Lange Tradition (er)finden

Man versuchte eine lange Kontinuität zu (er)finden und zu beweisen, dass Österreich nie ein Anhängsel des Deutschen Reichs war, sondern ein selbstständiges Gebilde. Auf Initiative des damaligen Unterrichtsministers, Felix Hurdes, wurde für den Herbst 1946 die „Aktion ,950 Jahre Österreich’“ ausgerufen, um „die Jugend zu österreichischem Bewusstsein und zur Achtung vor der ruhmvollen Vergangenheit des Vaterlandes zu erziehen“. Sommer: „Mit dieser Urkunde hat man es geschafft, dem Land eine viel längere Tradition zu geben.

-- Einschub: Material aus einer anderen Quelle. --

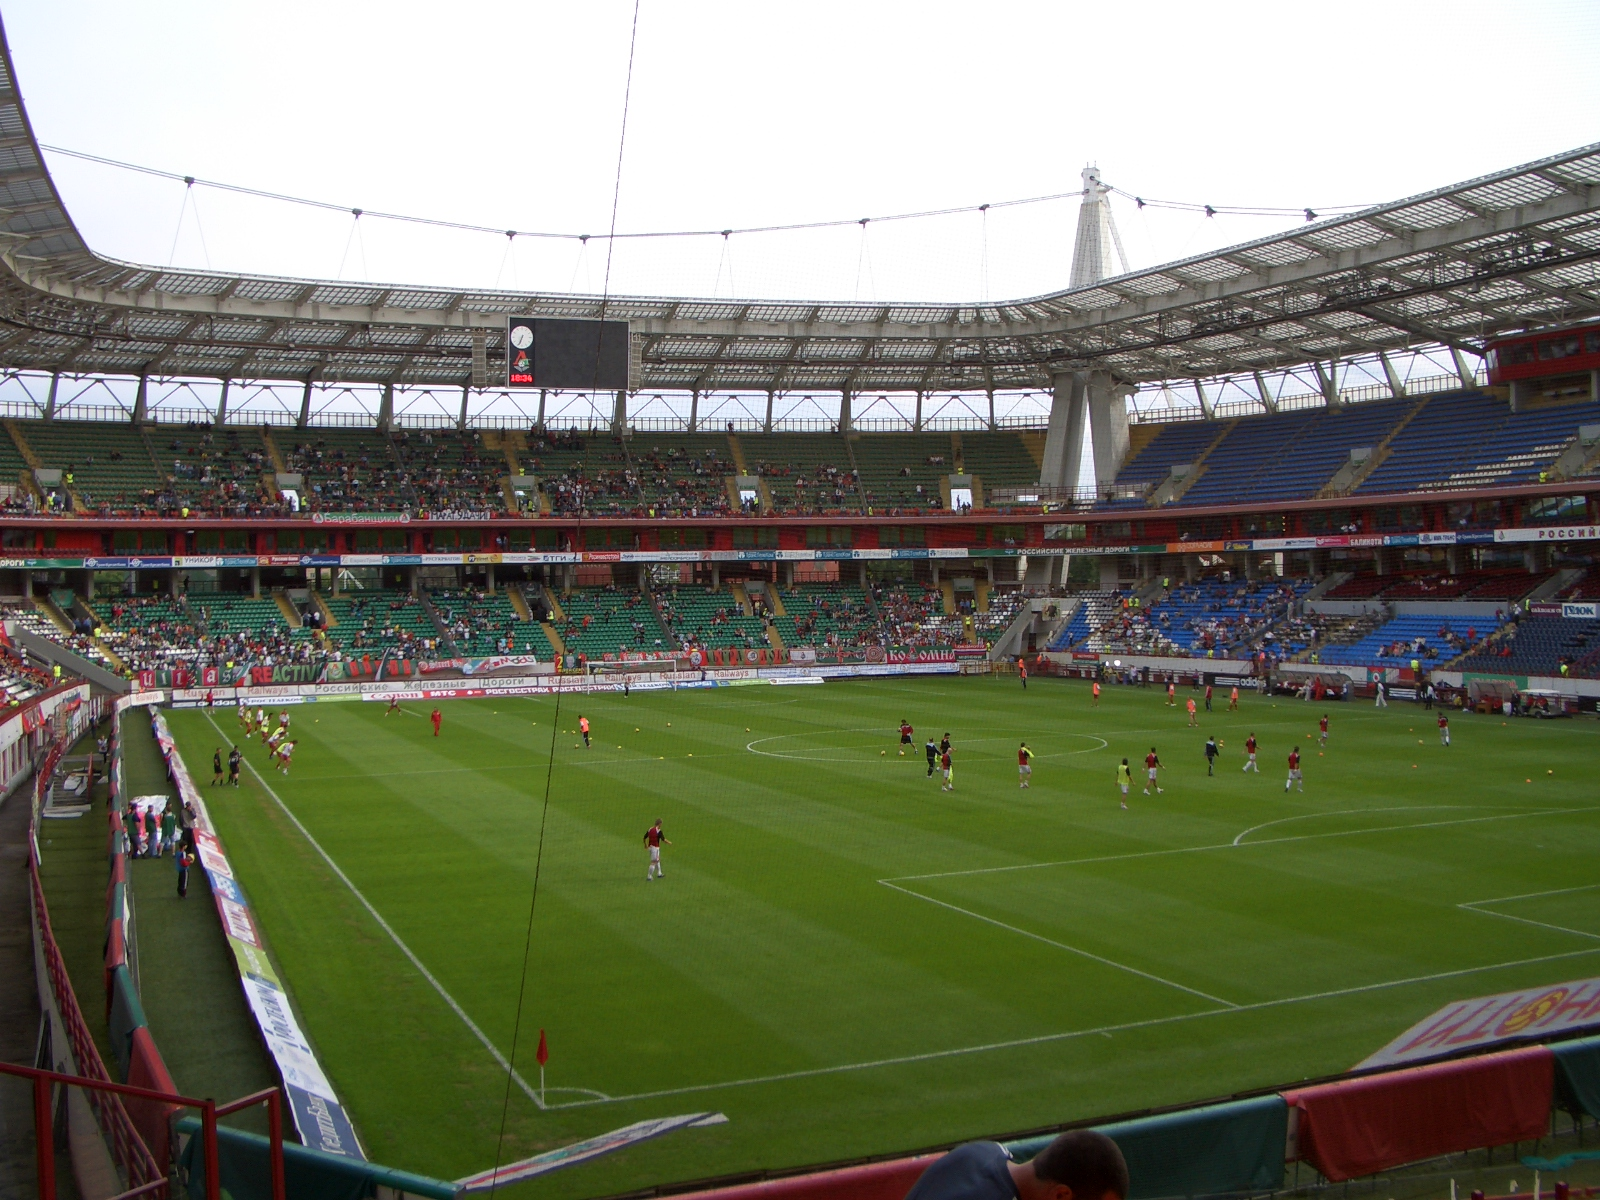 Lokomotiv Stadium Tbilisi Lokomotiv-stadium.jpg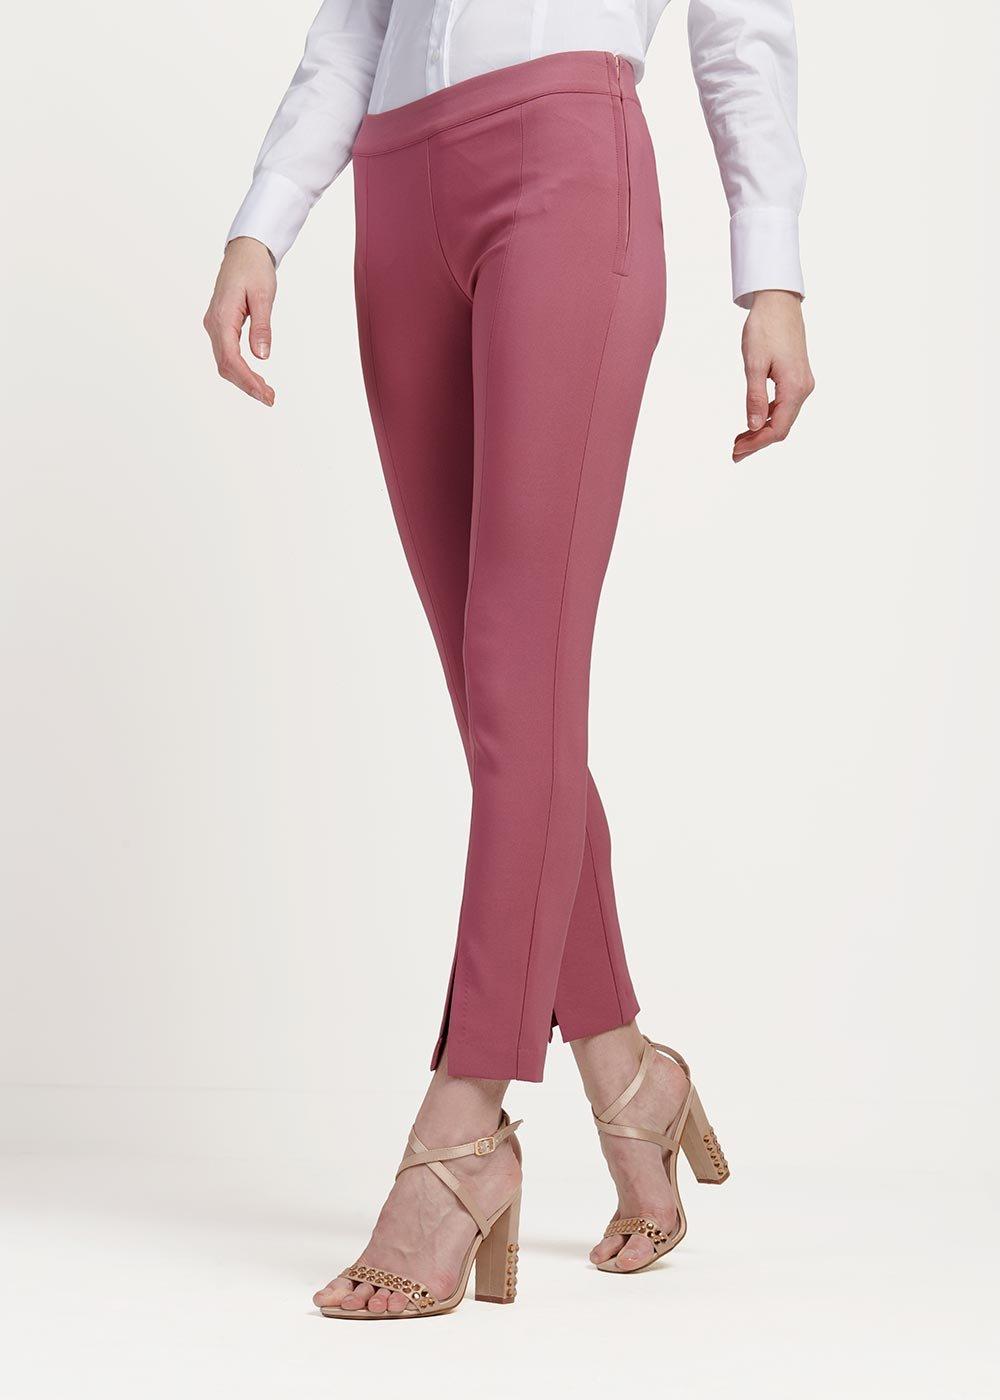 Pantaloni modello Peleo colore candy - Candy - Donna

Bis weit vor die Habsburger.“

Die zweite Karriere der Urkunde ist auch der zweite Schwerpunkt der gleichnamigen Ausstellung. Oder wussten Sie, dass ein Faksimile der Ostarrichi-Urkunde 1991 mit Franz Viehböck ins All flog? Der sogenannte Ostarrichi-Draken vom entsprechenden Schriftzug geziert wird? Die Ostarrichi-Kaserne 1982 in Amstetten eröffnet wurde? Und Papst Johannes Paul II. 1998 nach seinem Besuch in St. Pölten ein Ostarrichi-Faksimile mit nach Rom nahm?

Ausstellung: #Ostarrichi. Die Karriere einer Urkunde von 26.10. bis 3.11.2019. Am 26. Oktober lädt das hdgö bei freiem Eintritt in die Neue Burg ein.